Why Does Facebook Hate Breastfeeding?

Jessica wanted to reach out and connect with other breastfeeding moms. She felt after her experiencing nursing five girls she had some wisdom to share and knew that nursing women often need to connect and exchange stories. To make it easier, she started a Leaky B@@b Facebook page as an offshoot of her blog, The Leaky B@@b. The Facebook community grew beyond her expectations to approximately 16,000 active monthly users, affectionately called "Leakies".


But then when she woke up on January 2, the community was gone, erased by Facebook for violation Terms of Service.


 

Within hours another Facebook page: Bring Back the Leaky Boob [update: the page was terminated by Facebook on Tuesday, January 3] was formed and by the end of the day had over 4,000 members had joined. For many new mothers the Facebook community had become more than just a page about breastfeeding; it was a place to vent, get support, lend a hand and give and get advice. The outraged Leakies are talking about nurse-ins at the Facebook offices on Friday, January 7. They are disgusted that Facebook decided that a supportive community covering topics of women and babies health is "obscene". In response, many women have changed their profile picture to a photo or image of a nursing child.


Mom nursing toddler in public at the beach This is not the first time that Facebook has taken down breastfeeding photos. In 2007, Kelli Roman's breastfeeding photos were deleted from her personal page; in response she started a Facebook page called,  Hey Facebook, breastfeeding pictures are not obscene. It currently has 258, 156 members with 6,855 pictures of breastfeeding and grows daily.


There are all sorts of images of breasts on Facebook (I checked): huge ones peeking out of a bra, fully naked, and even advertisements for breastfeeding products but it seems that only pictures of a mother nursing her child are inappropriate. (Check out Momotics for a post of some of what Facebook considers appropriate and PhDinParenting's breakdown of the issue)


In a New York Times article in 2009, Facebook said that showing the nipple is the problem, not the breastfeeding and that the company is just responding to complaints. It is hard to believe that people are complaining about pictures on their friend's profile pages, or that someone just tripped over the Leaky B@@b and was offended by the pictures.(Unless of course someone was searching for boobs and then was offended to see them being used as a food source, not a sexual object). There are some rumblings that there is a troll who searches out breastfeeding pages to report them and have them removed, or a disgruntled community member reported the page, but who knows.
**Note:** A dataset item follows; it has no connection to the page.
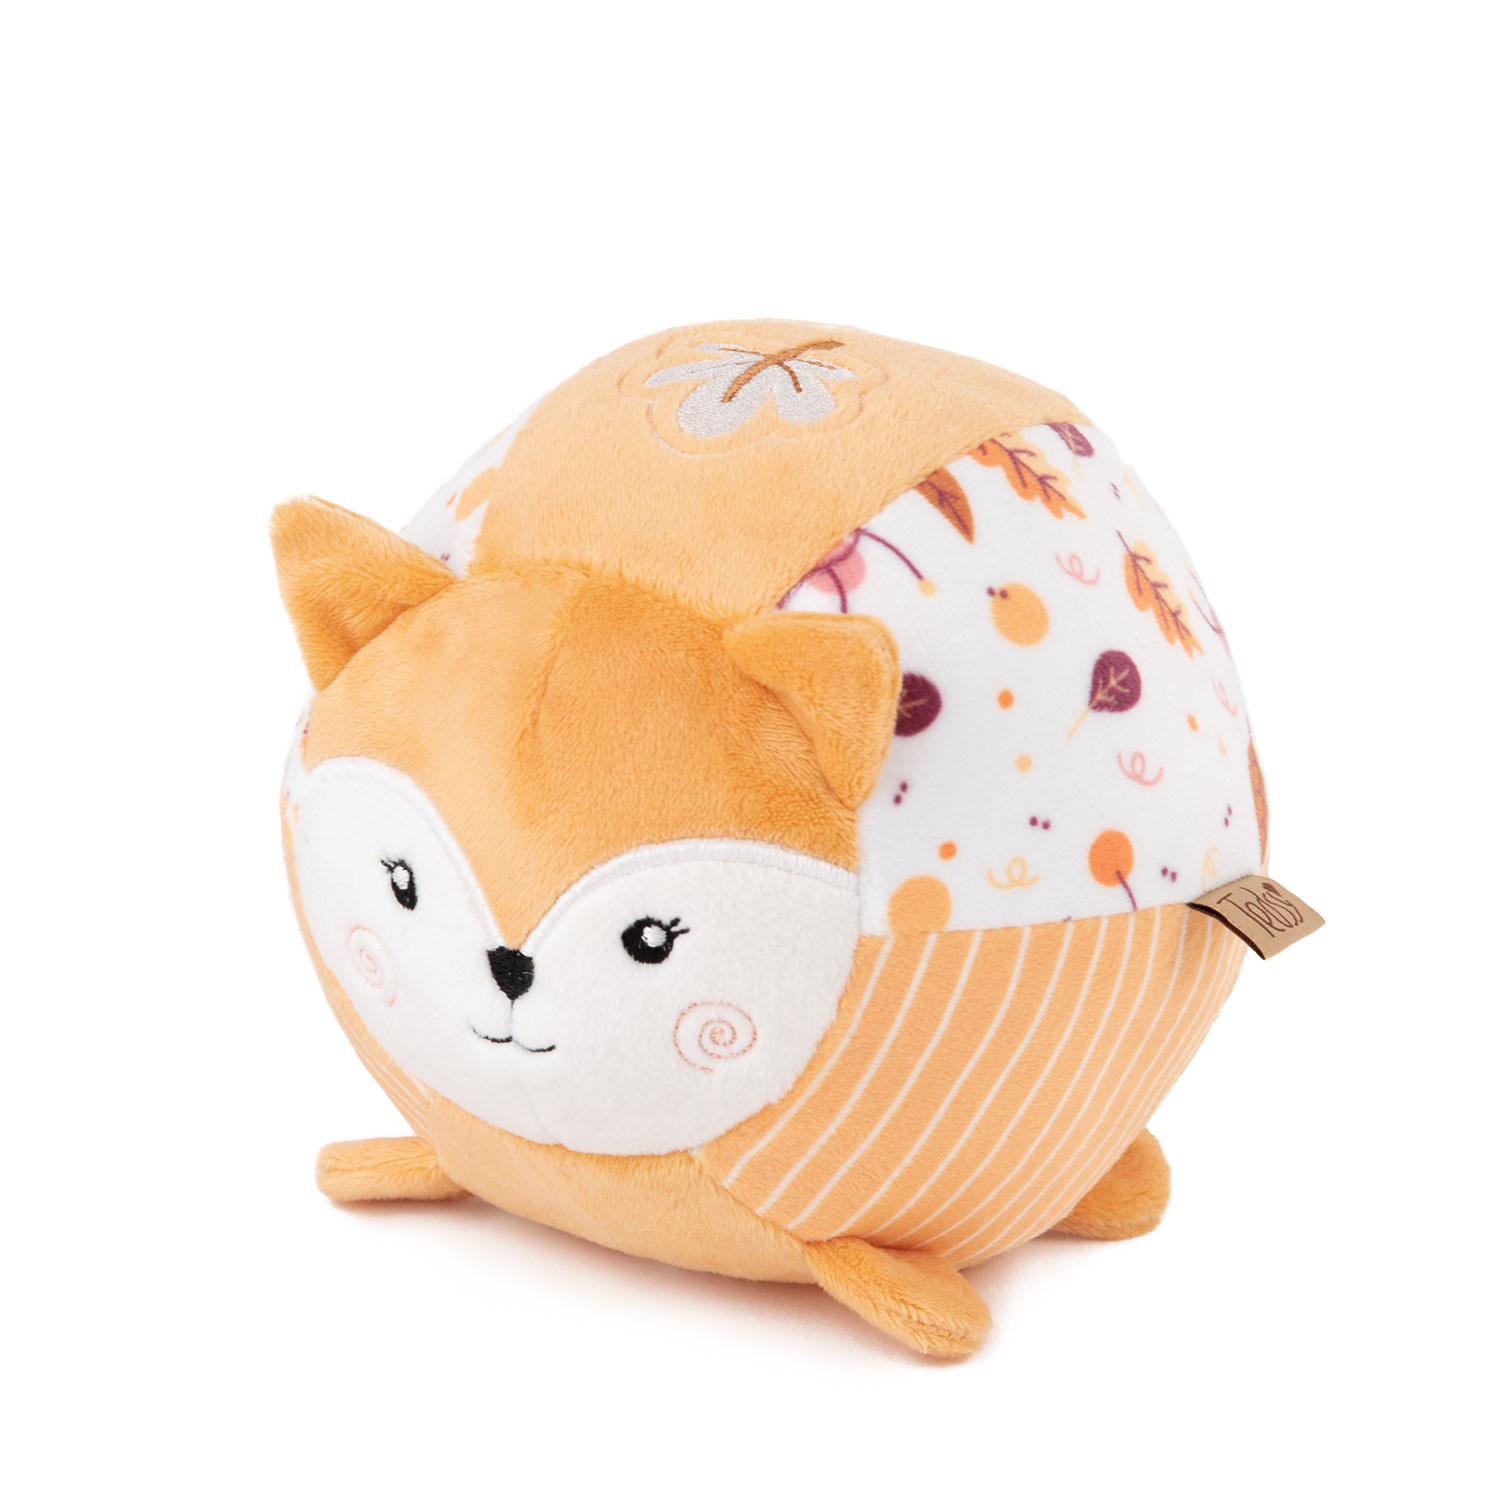 Soft baby round toy - Fox

The worst part of this particular action is that Facebook has removed an incredibly supportive place for  breastfeeding women to ask questions, seek advice, connect and celebrate. And they haven't even responded to Jessica's request for an explanalation for the termination.


Jessica wrote in an email that The Leaky B@@b Facebook page was started as an online pub:



a safe place for breastfeeding moms and the people that support them to get information, share stories and build community. I had in my head this idea of a community tavern where travelers meet up and exchange tales, encouraging new travelers and passing on road wisdom. Something I feel we've lost in this culture, we are so isolated in so many ways.



If I was currently having breastfeeding problems I would want to be part of that community. I'm not sure why Facebook is so threatened by it.


Mark Zuckerberg describes his personal interests as: "openness, making things that help people connect and share what's important to them, revolutions, information flow, minimalism" . That seems slightly ironic doesn't it?


If you would like to support The Leaky Boob, "Like" their Facebook page: Bring Back the Leaky Boob. (this page was removed by Facebook on Tuesday for violating their Terms of Service, click here to show your support.


(photo courtesy of Dagmar Bleasdale from Dagmar's Momsense. It is now her profile photo on Facebook.)


Update: Facebook contacted Rebecca on January 3and told her the Leaky Boob page was taken down in error.  But by 11 p.m. The Leaky Boob page was removed once again and this time the Leaky Boob support page was also taken down for violating Facebook's TOS. To support The Leaky Boob and to send a message to Facebook click on their third page: "Join TLB in Support of Women's Health."


Do you think breastfeeding pictures are inappropriate? Do you think Facebook has a right to pull down photos and pages about breastfeeding?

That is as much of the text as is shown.